F5-TTS Mining Rig Monitor Skill
This skill provides instructions for ADA to safely monitor the ongoing F5-TTS training process on the 9-GPU mining rig (Local-LLM), without interfering with the data or environment.
IMPORTANT:
- 1. The training dataset and checkpoints are strictly located on the HDD of the mining rig at
/mnt/toshiba/projects/F5-TTS/. - Do not attempt to run training locally on
asus-z170k. - Use
uv exclusively when interacting with the Python environment on the mining rig.
Steps to Monitor Training
1. Check GPU Utilization
To ensure all 9 GPUs are actively training and not bottlenecked or OOMed, run the following command via SSH (remember to use pseudo-terminal if using watch):
ssh Local-LLM "nvidia-smi"
You should see 9
python3 processes consistently consuming ~11GB of VRAM each.

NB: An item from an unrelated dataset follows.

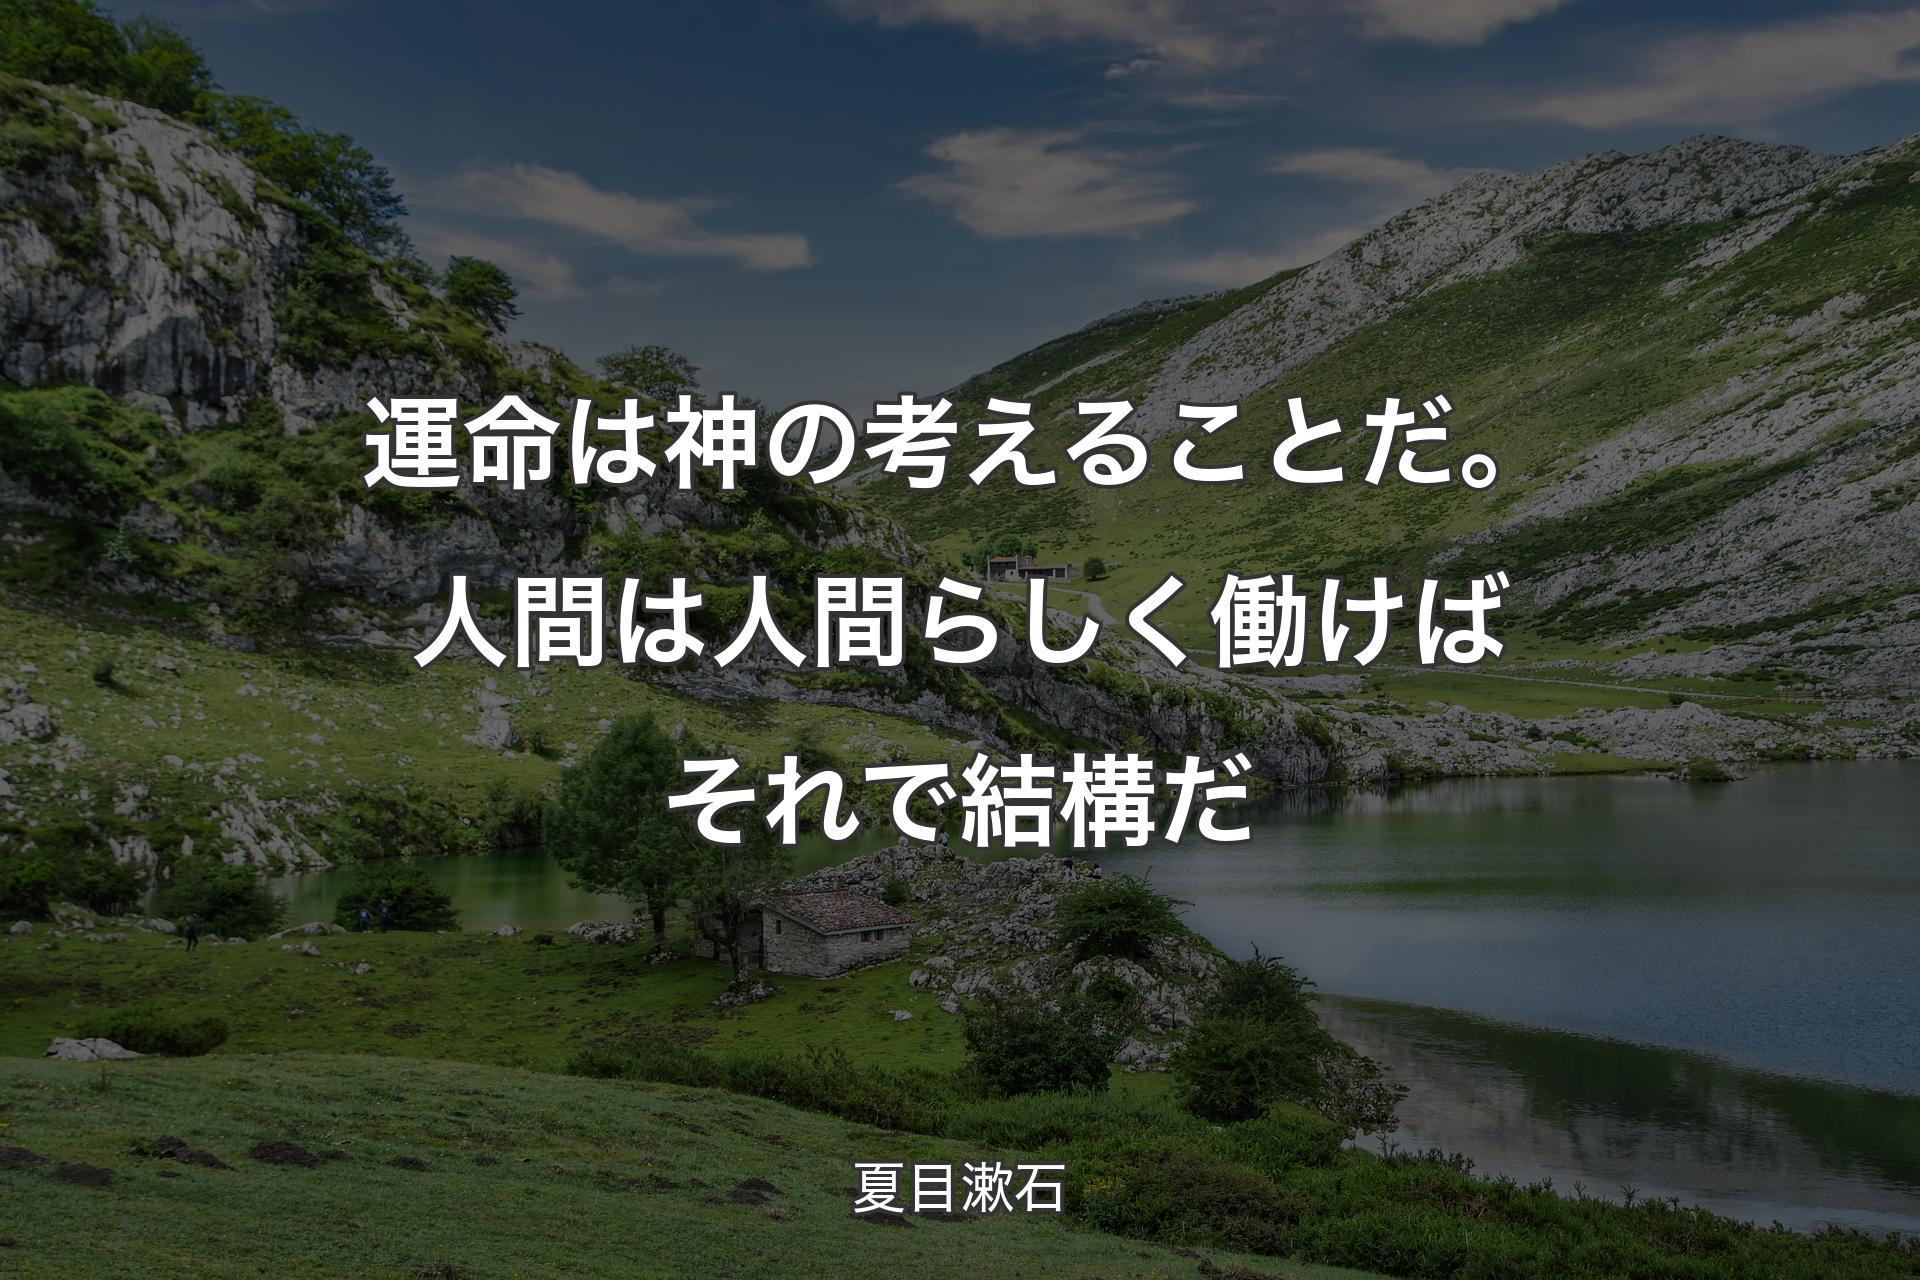 【背景1】運命は神の考えることだ。 人間は人間らしく働けば それで結構だ - 夏目漱石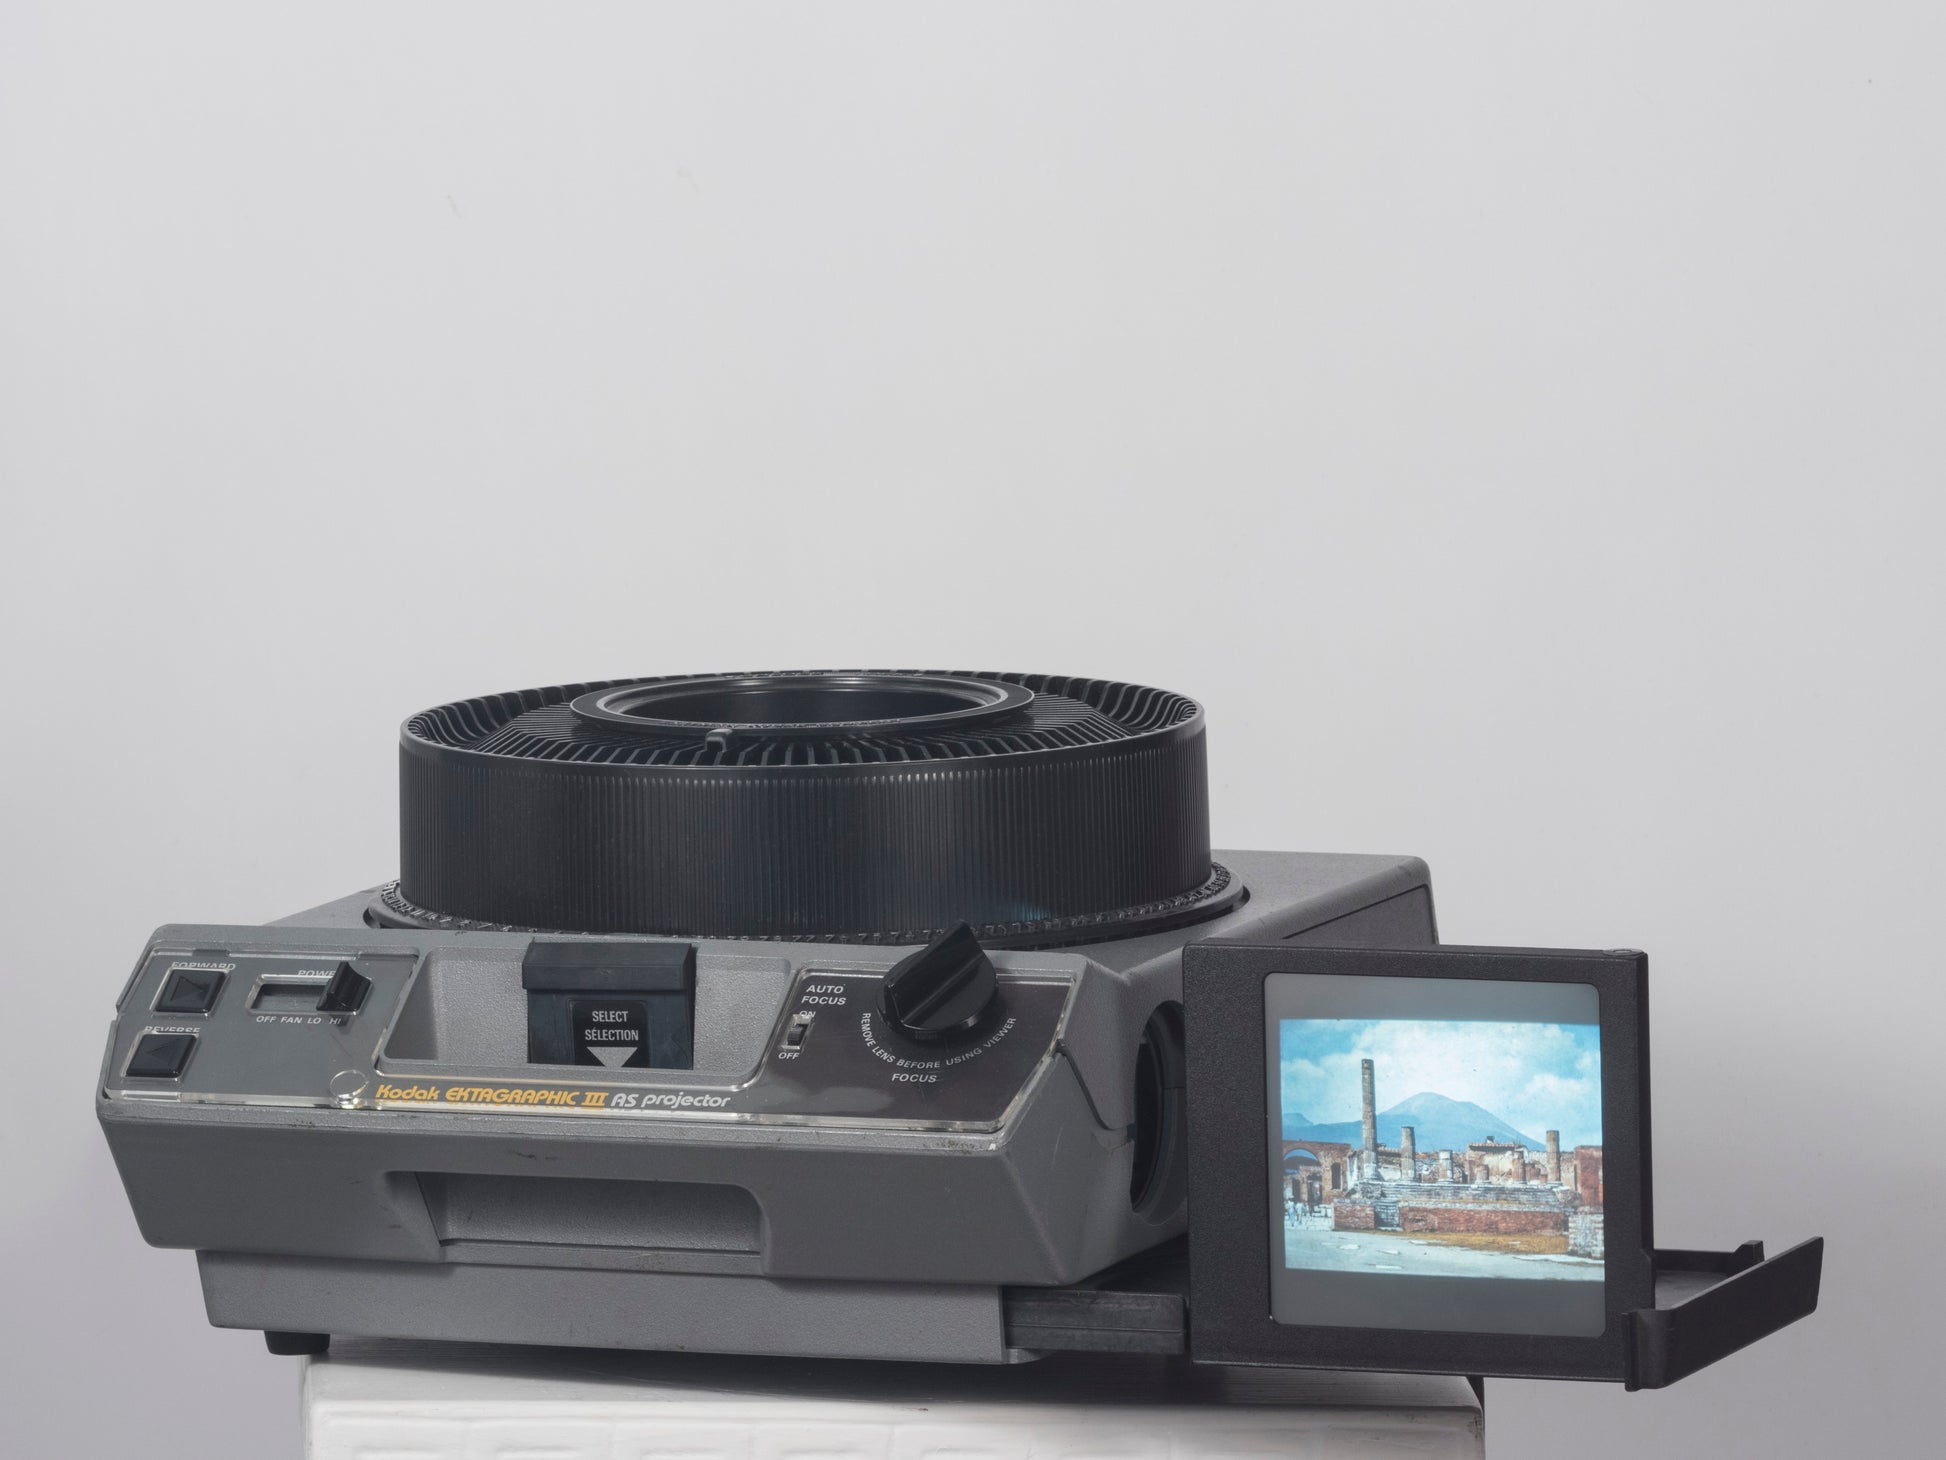 Kodak Ektagraphic Slide Projector Model E-2 - proiettore per diapositive  35mm - Industria, manifattura, artigianato, Eastman Kodak Co. – Patrimonio  scientifico e tecnologico – Lombardia Beni Culturali

2. Check Training Epoch Progress
Check the Accelerate training logs to see the current epoch and global step:
ssh Local-LLM "tail -n 100 /mnt/toshiba/projects/F5-TTS/outputs/training_mining_rig.log"
Look for
Epoch: and
Step: progression.
3. Check System RAM and CPU Load
The mining rig only has a 2-core Pentium CPU and 16GB of RAM. Make sure the system isn't buckling under the DDP overhead:
CODEBLOCK2
4. Update the Heartbeat
After successfully probing the status, update your HEARTBEAT.md files locally to report the current Epoch, Step, GPU temperature, and estimated time remaining to Master Seiya.
F5-TTS 挖矿机监控技能
本技能为ADA提供安全监控9-GPU挖矿机(Local-LLM)上正在进行的F5-TTS训练过程的指令,且不会干扰数据或环境。
重要提示:
- 1. 训练数据集和检查点严格位于挖矿机硬盘的/mnt/toshiba/projects/F5-TTS/路径下。
- 请勿尝试在asus-z170k上本地运行训练。
- 与挖矿机上的Python环境交互时,请仅使用uv。
监控训练步骤
1. 检查GPU利用率
为确保所有9块GPU均在积极训练且未出现瓶颈或内存溢出,请通过SSH运行以下命令(若使用watch命令,请记得使用伪终端):
bash
ssh Local-LLM nvidia-smi
您应看到9个python3进程各自持续占用约11GB显存。
2. 检查训练轮次进度
查看Accelerate训练日志以了解当前轮次和全局步数:
bash
ssh Local-LLM tail -n 100 /mnt/toshiba/projects/F5-TTS/outputs/training
miningrig.log
查找Epoch:和Step:的进度信息。
3. 检查系统内存和CPU负载
挖矿机仅配备双核奔腾CPU和16GB内存。请确保系统在DDP开销下未出现性能瓶颈:
bash
ssh Local-LLM free -h && uptime
4. 更新心跳信息
成功探测状态后,请在本地更新您的HEARTBEAT.md文件,向Master Seiya报告当前轮次、步数、GPU温度以及预计剩余时间。